A basic space domain awareness (SDA) architecture to support commerce and safety of navigation and space traffic management might start with wide-area search from Earth-Moon Lagrange Point 1 (EML1) and Earth-Moon Lagrange Point 2 (EML2) such as depicted in the figure above, and eventually be augmented by SDA payloads on the Lunar surface.^[49]

A notional XGEO architecture should include capabilities, capacity, and authority to engage in or establish, as appropriate:

CUEING: Wide area search, detect, and orbit determination of the volume extending from GEO to the Lunar Surface. This includes a “cislunar highway patrol” at EML1 and EML2.^[50]

INSPECTION: Moon-Local observation / inspection spacecraft with maneuver capability to support the XGEO volume.

SERVICING: Moon-Local logistical spacecraft to service, upgrade, and refuel the “highway patrollers,” and render rudimentary aid to civil/commercial spacecraft in distress.

SUPPLY DEPOT: A supply depot or logistical mothership / tanker craft to enable activities at GEO, XGEO, and the Moon-local areas by supporting spacecraft with propellant and communications relay.

C2 SUITE: A software suite to enable custody, scheduling, coordination, route-planning, and human-on-the-loop command and control of the entire team of XGEO assets.

Conclusion

Cislunar development will either take the form of American values with the rule of law, or it will take the form of totalitarian state control. The United States can decide who leads. – Jim Bridenstine, Administrator NASA (2018-2021)^[51]

While U.S. space forces face many immediate threats and needs, long-term threats and challenges also require attention and will likely be of strategic concern to national policymakers. U.S. interests will expand beyond GEO, and the complexity of the XGEO environment requires early concept and technology investment so military space forces are prepared to provide space security. The vast economic potential of space resources present either an opportunity to extend the period of U.S. primacy, or the chance for a rival to end the era of U.S. strategic leadership and domain dominance.^[52] The path to a preferred future starts with recognition of that future reality and the building of technical capabilities to succeed.

Military space forces must be part of a larger societal effort. To prevail, the USSF should engage with a variety of commercial stakeholders to clarify its future missions and extend its space domain awareness to the key locations in EML1 and EML2 in advance of human return to the Moon. The USSF should develop spacecraft capable of rendezvous and proximity operations for logistical resupply and it should begin now to partner with companies who are building a Cislunar footprint.

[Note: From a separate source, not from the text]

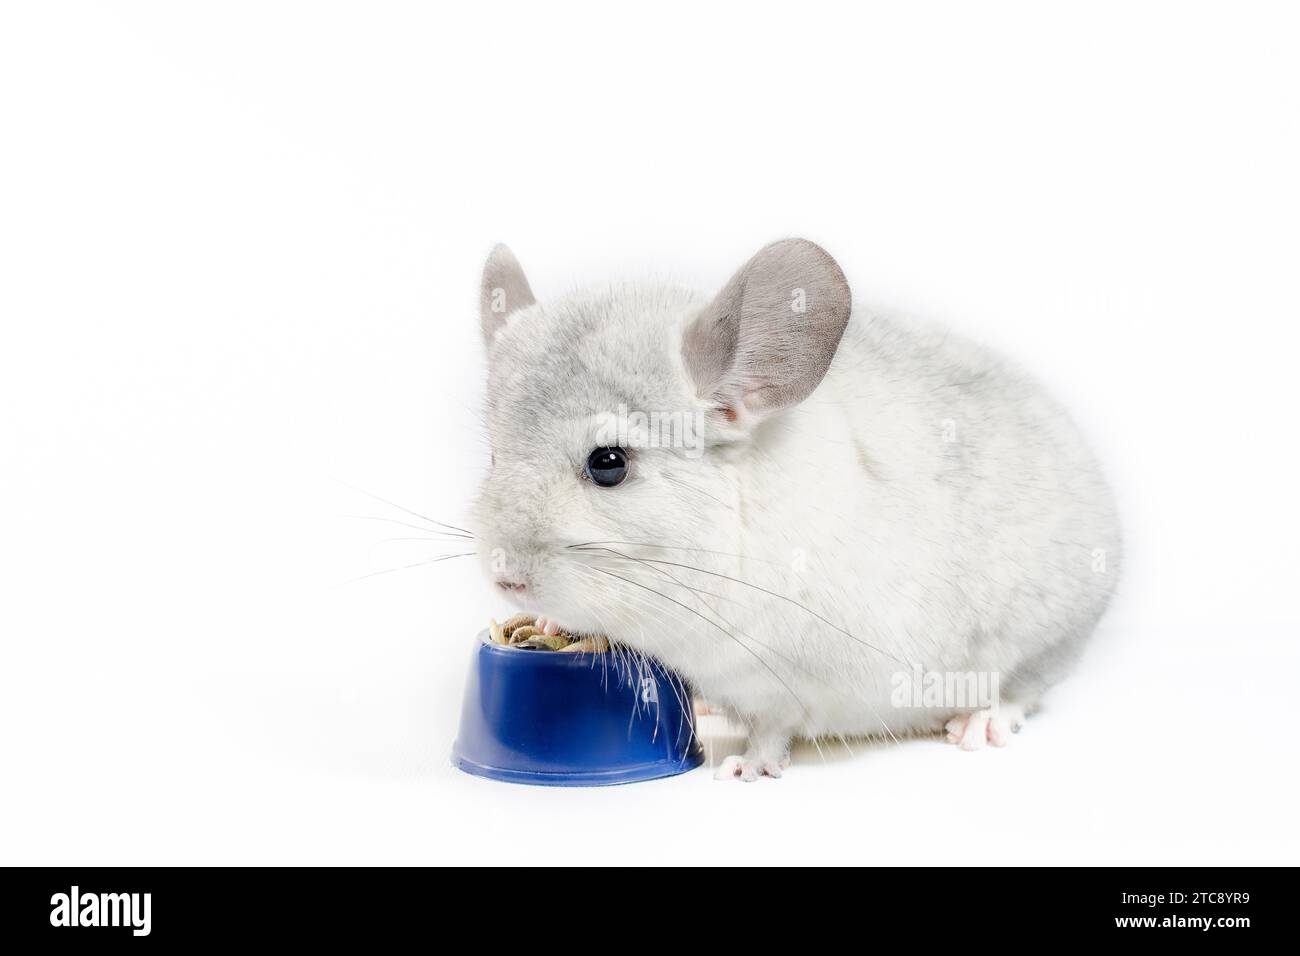 Le chinchilla blanc mange sa nourriture dans un bol bleu sur fond blanc Banque D'Images
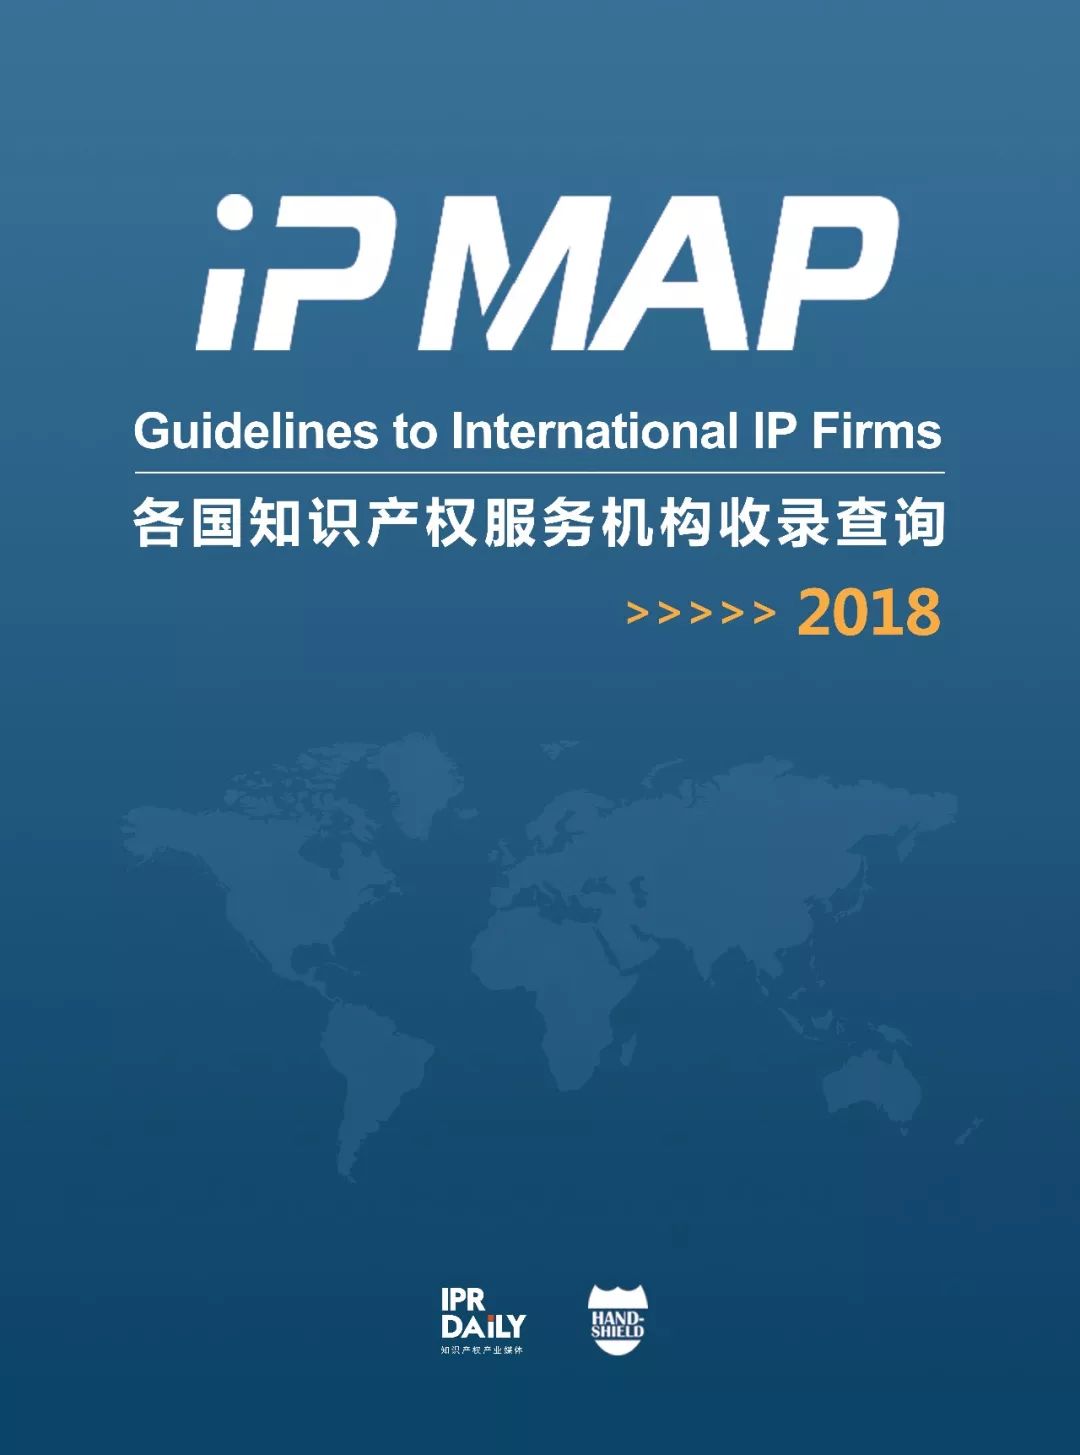 新名片！《“IP MAP”各国知识产权服务机构收录查询》邀您参与

Critical enablers include efforts undertaken within the Space Vehicles directorate of the Air Force Research Laboratory, which is now responsible to the USSF.^[53] The directorate is leading a broad range of initiatives undertaken to ensure the widest possible freedom of action for the USSF. It is embracing the responsibilities of the joint warfighting missions while anticipating a USSPACECOM commander will one day turn to the USSF to secure the space lines of commerce.

The USSF can pave the way with technology maturation and experimental pathfinders, demonstrate vigilance and presence, and lead the way to procurement of operational systems.^[54] Technology must be developed to prevent future capability gaps while ensuring independent options and U.S. freedom of action in space. Action and investment is required now to ensure United States space leadership in through 2030 and beyond and ensure the required science and technology pipeline which will enable U.S. space forces have maximum freedom of action and to ensure space security for the developing U.S. interests beyond GEO.

Captain David Buehler, USSF, is the Cislunar Tech Area & Flight Experiment Lead at Air Force Research Lab. Colonel Eric Felt, USSF, is Director of the Space Vehicles Directorate at Air Force Research Lab. Dr. Charles Finley is Cislunar Security Lead for the Center for Rapid Innovation at Air Force Research Lab. Peter Garretson is a Strategic Planning Engineer for Apogee Engineering. Dr. Jaime Stearns is Space Control Mission Lead at Air Force Research Lab. Dr. Andy Williams is Deputy Capability Lead for Space Superiority at Air Force Research Lab. This paper represents solely the authors’ views and do not necessarily represent the official policy or position of any Department or Agency of the U.S. Government. If you have a different perspective, we’d like to hear from you.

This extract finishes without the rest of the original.